The response of Western leaders was expected. Obama’s silence is stunning. They more or less explicitly backed the Israeli attack and the hypocrisy was so evident. When the Mumbai tragedy took place everybody was quite rightly quick to condemn the attackers and to call for action against them and had sympathy with the Indian people. But there is no condemnation of Israeli terrorism that is on an even larger scale than that perpetrated in Mumbai. Obama was quick to offer sympathy to India and to condemn the Mumbai terrorists but when it comes to Israel he is keeping a silence that makes him an accomplice to the crimes being committed there. It is as if everything is permitted to Israel and Arabs are considered no more than “cockroaches”, the term used by Sharon to describe them.

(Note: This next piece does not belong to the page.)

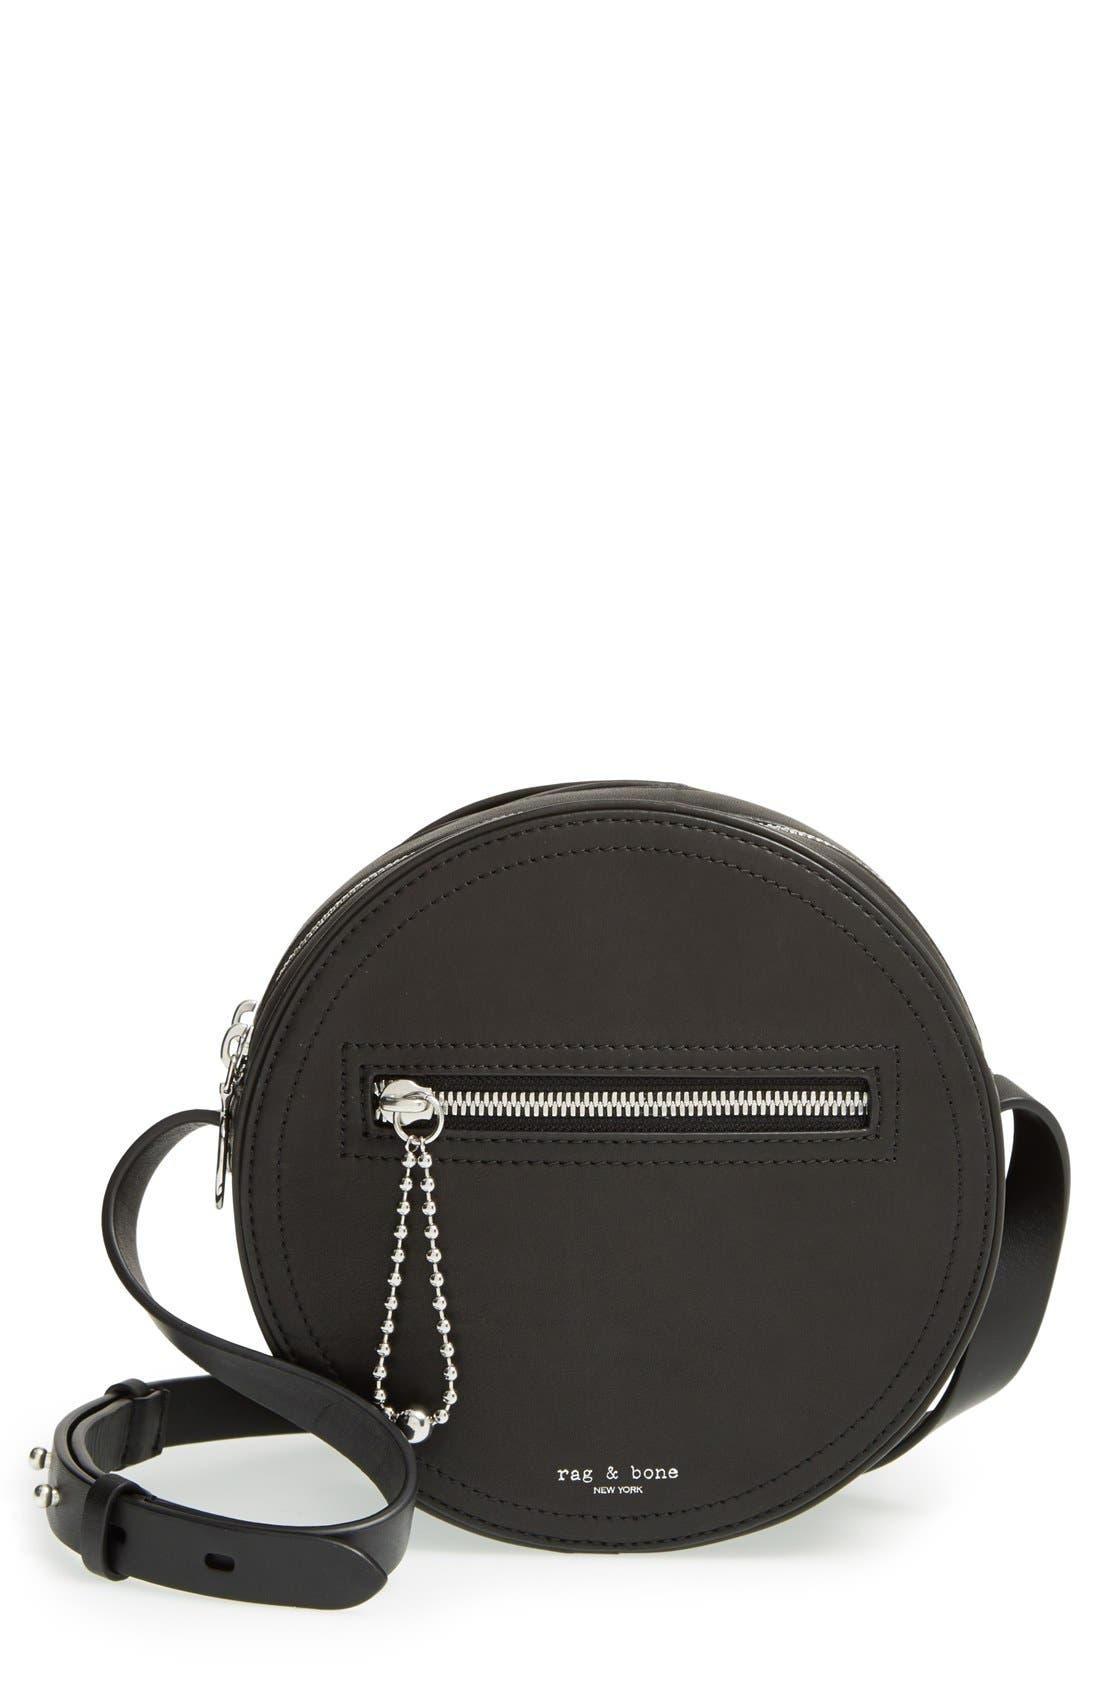 Main Image - rag & bone 'Circle' Leather Crossbody Bag

There have been disappointing, muted protests from Pakistan and India who are involved in their own problems. Pakistan has always been quite lukewarm on the Palestinian issue as it has been a staunch ally of the United States for more than fifty years and therefore cannot criticise let alone condemn Israel, the United States’ greatest ally in the region. But what is disappointing to many Pakistani leftists and progressives is the response of the Indian government. There was a time when we looked up to and admired Indian foreign policy which was independent, non-aligned and at times even anti-imperialist in contrast to Pakistan’s foreign policy which was always subservient to US interests. One recalls India’s principled opposition to the Vietnam War. At one time one of the few countries which Indians could not visit was Israel because of its refusal to recognise the rights of Palestinians. How times have changed. Now India vies with Pakistan in trying to demonstrate who is the more loyal subject and says good-bye to all principles. India sees it self now as a big power and no longer as a defender of the weak and the underdeveloped world. India’s economic interests are now closely tied with the US. It sees itself as the main partner of the US in the region.

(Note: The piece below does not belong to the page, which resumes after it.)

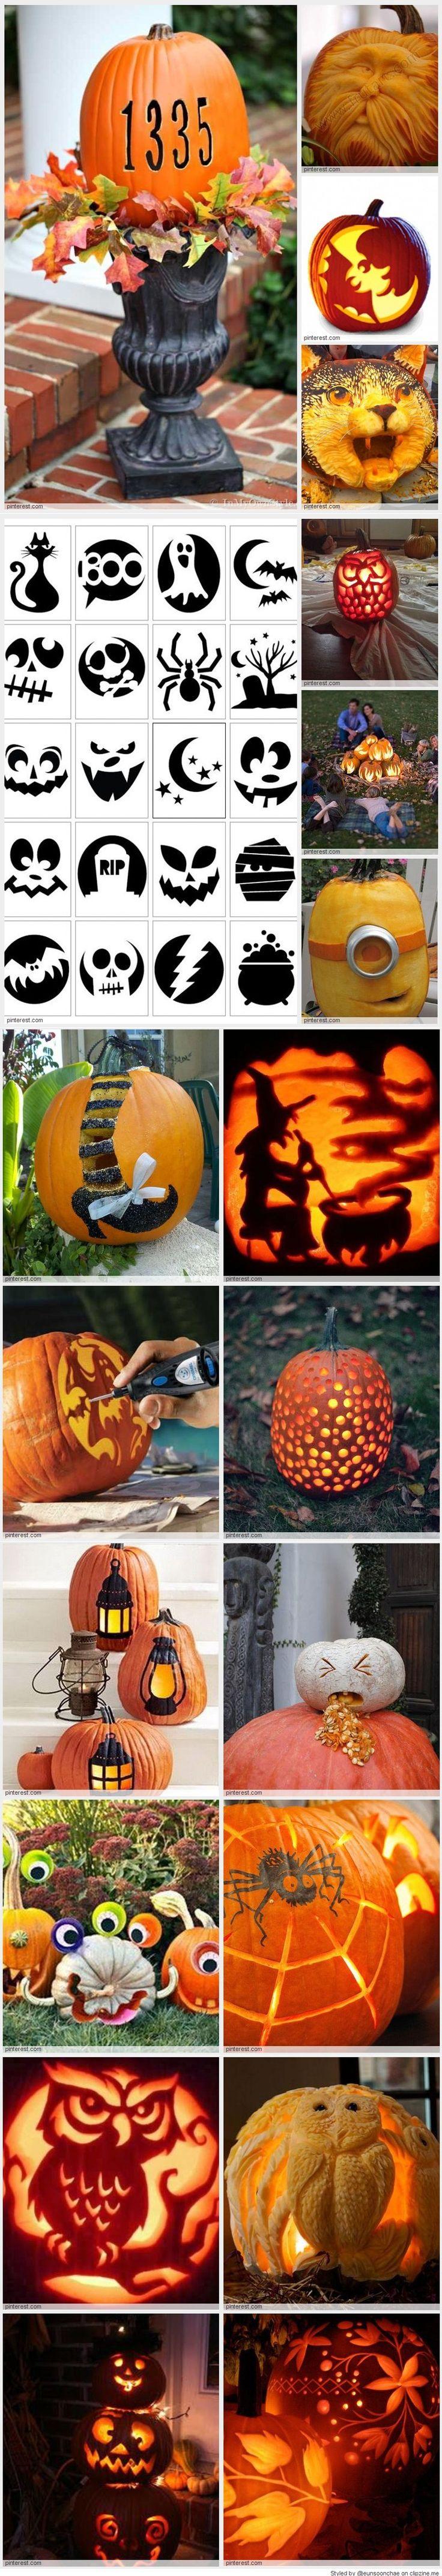 57 best pumpkin patterns images on pinterest pumpkin carvings

But apart from its closeness to the USA, India has also developed a special relationship with Israel particularly in the sphere of defence. It is one of the biggest customers for Israeli weapons and Israeli defence chiefs have visited India in recent years to propose training in counterinsurgency for Indian troops in Kashmir, based on Israeli experience in occupied Palestine, especially Gaza. After we see Israeli actions in the West Bank and particularly now in Gaza we can expect the kind of advice which the Israeli military is offering India in Kashmir. Targeted assassinations, collective punishment, massive bombardment, etc. without addressing the fundamental political issues. India seems to be buying into the US’s view that Islamic fundamentalism is the greatest threat to world peace and that a long unending war against so-called “Islamic terrorists” is necessary. The terrorist attack in Mumbai has driven India to join what many view as the new axis of Washington-Tel Aviv-New Delhi that will attempt to decide the future of the region. Given these facts it was perhaps not surprising the muted response from New Delhi to the Israeli genocide in Gaza but nevertheless it was disappointing and confirmed our worst fears of where India is heading.

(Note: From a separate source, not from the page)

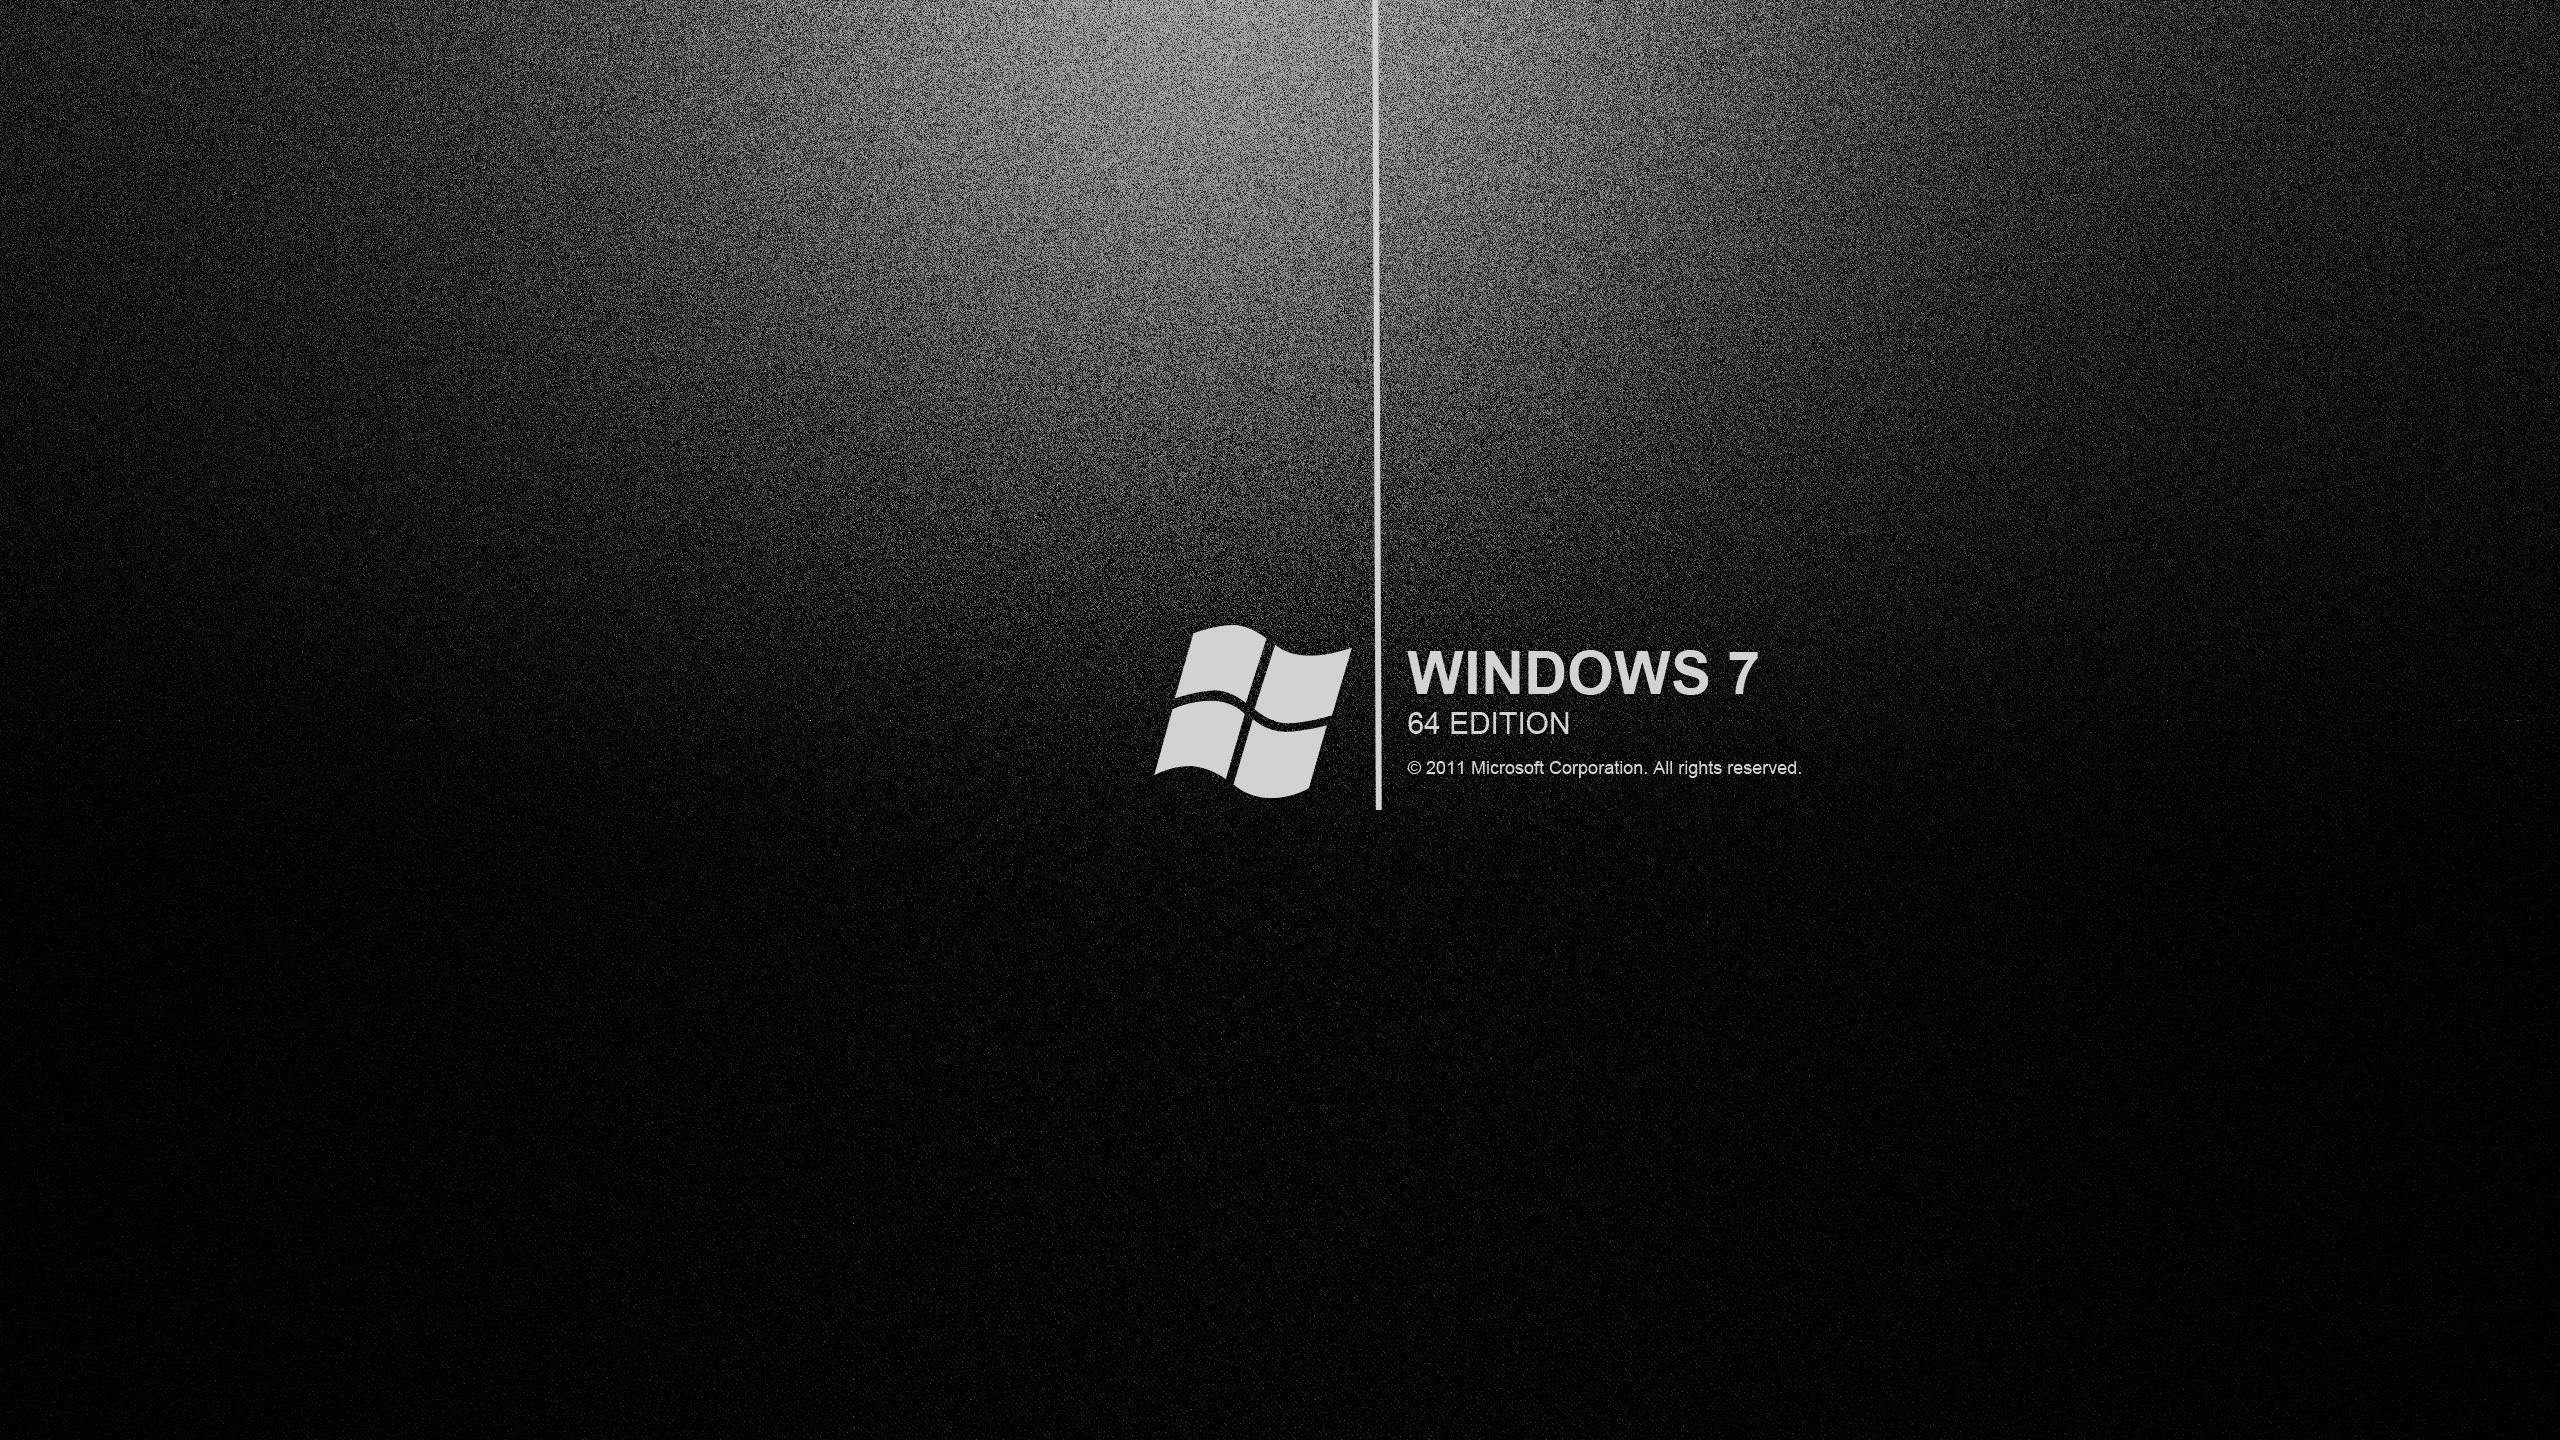 comwindows 7 black wallpapers backgrounds dark hd desktop wallpapers 2560x1440

What is needed from both Pakistan and India is a vigorous denunciation of Israeli war crimes. Pakistan does not have diplomatic relations with Israel but India does. The least India can do is to recall its ambassador from Tel Aviv even if it cannot think of breaking diplomatic relations with Israel.

Faheem Hussain is Professor of Physics at the School of Science and Engineering, Lahore University of Management Sciences.